# [YOUR OBJECTIVE]
Restate the data word for word. Leave the pictures out.

(Beginning of SUPPLIED MATERIAL)

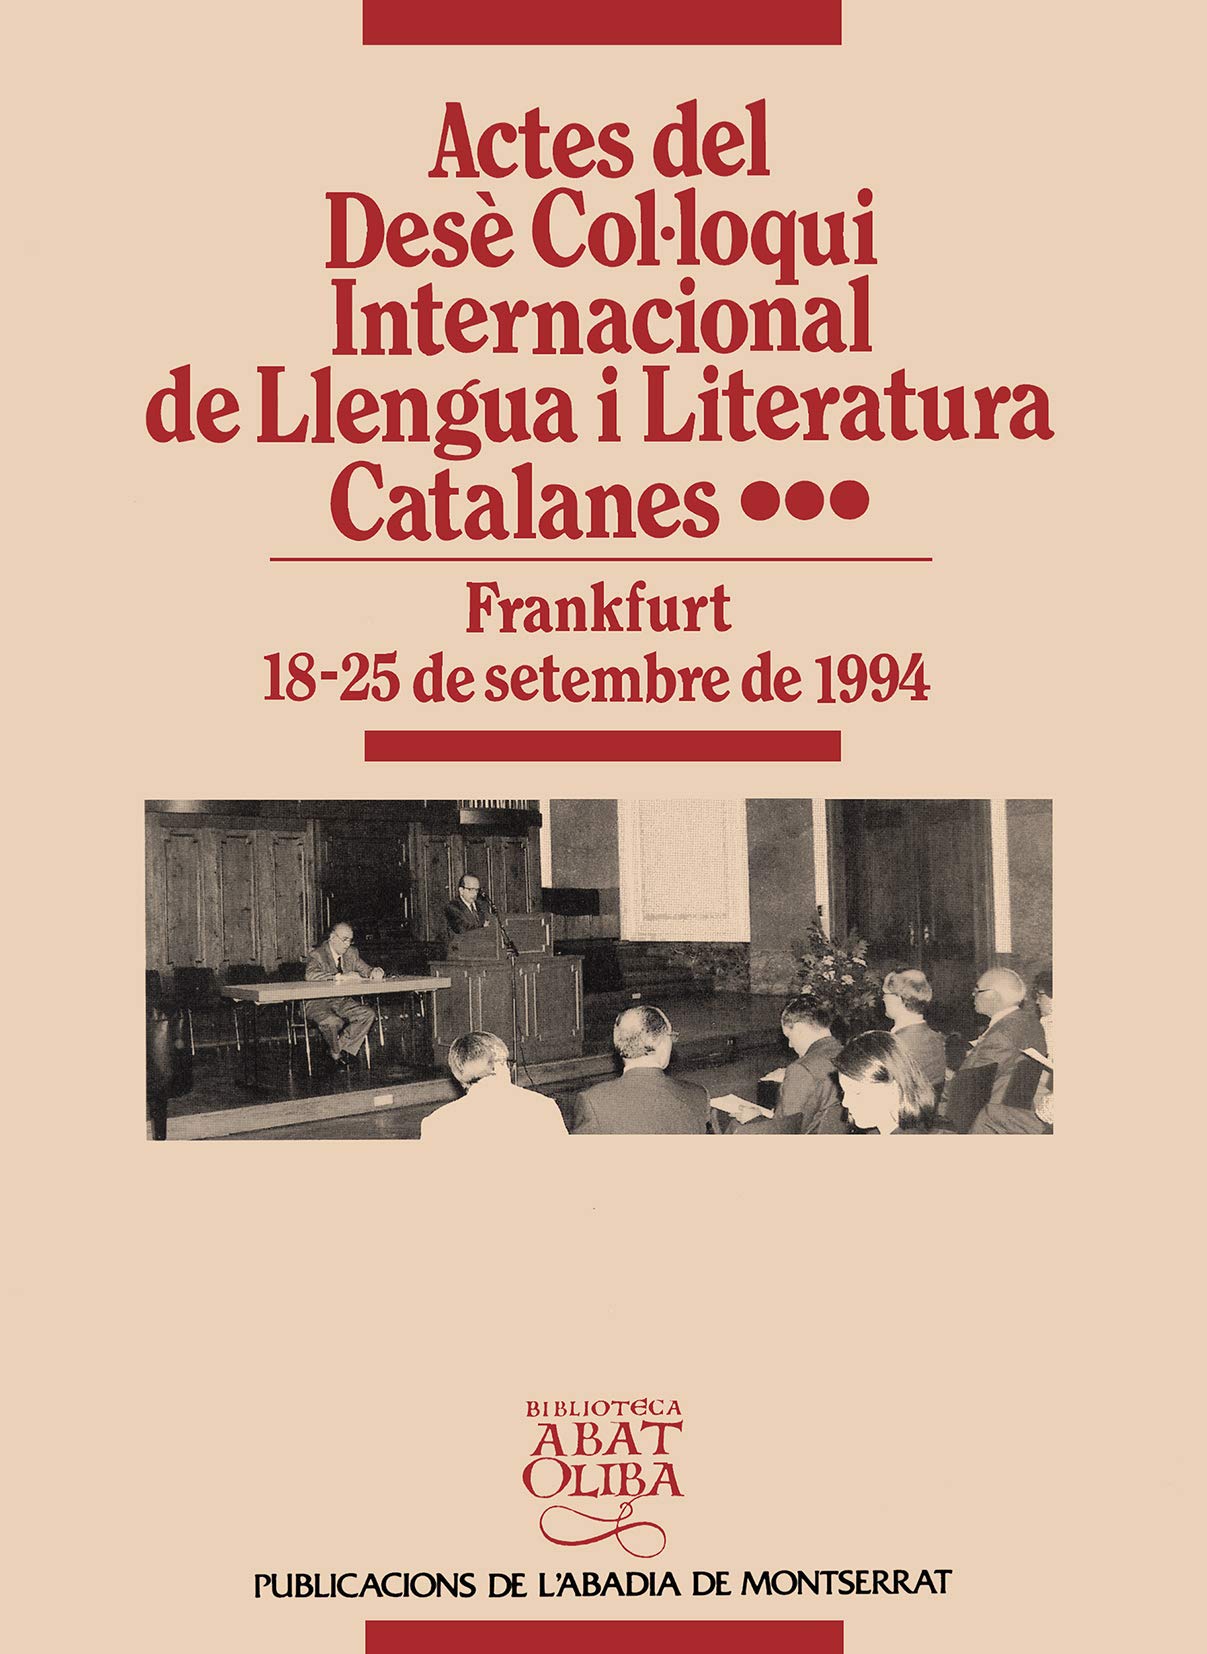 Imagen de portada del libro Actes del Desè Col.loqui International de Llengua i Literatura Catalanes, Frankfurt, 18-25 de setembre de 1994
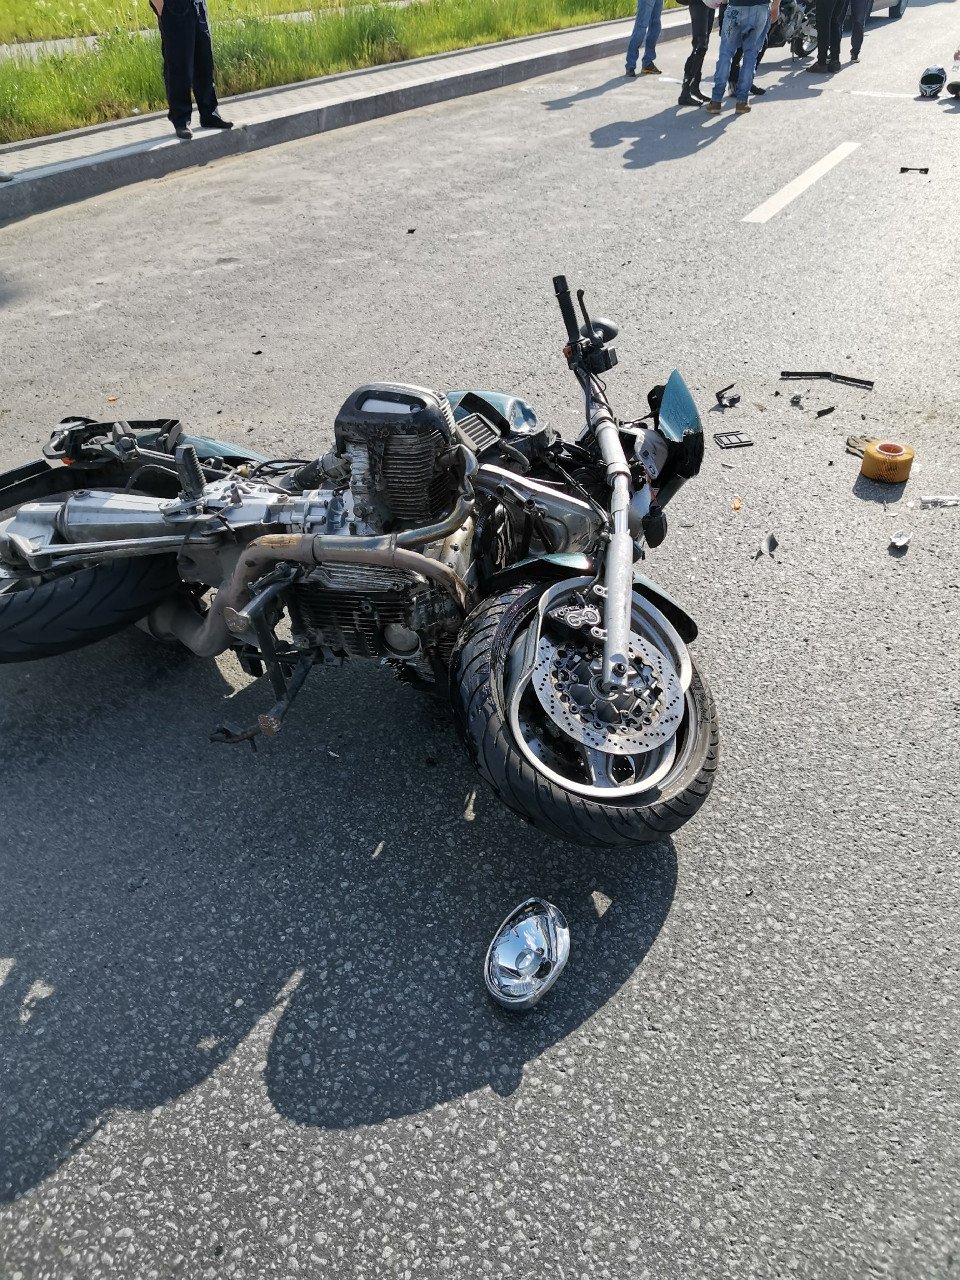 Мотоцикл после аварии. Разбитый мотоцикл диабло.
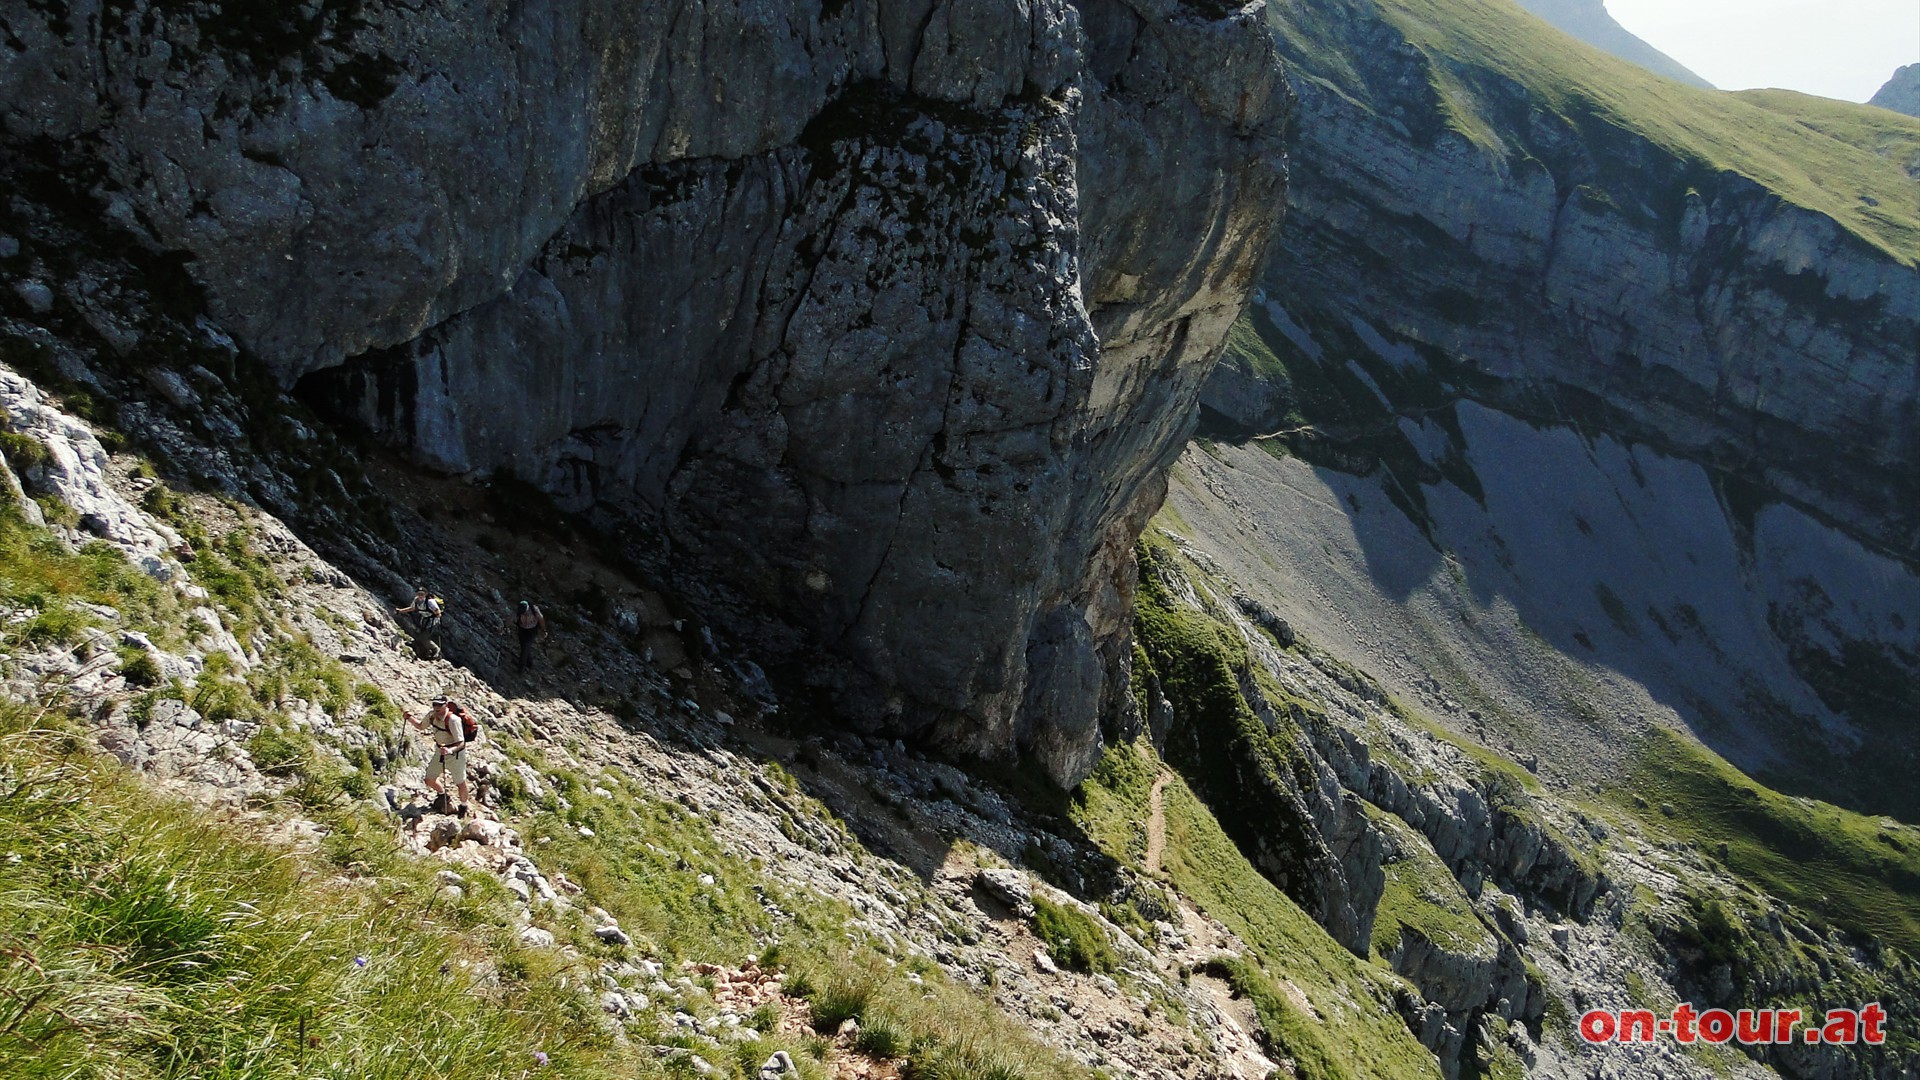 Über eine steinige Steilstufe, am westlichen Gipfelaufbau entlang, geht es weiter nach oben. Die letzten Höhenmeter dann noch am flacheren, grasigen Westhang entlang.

(End of SUPPLIED MATERIAL)

# [YOUR RESPONSE]
 Imagen de portada del libro Actes del Desè Col.loqui International de Llengua i Literatura Catalanes, Frankfurt, 18-25 de setembre de 1994
 Мотоцикл после аварии. Разбитый мотоцикл диабло.
 Über eine steinige Steilstufe, am westlichen Gipfelaufbau entlang, geht es weiter nach oben. Die letzten Höhenmeter dann noch am flacheren, grasigen Westhang entlang.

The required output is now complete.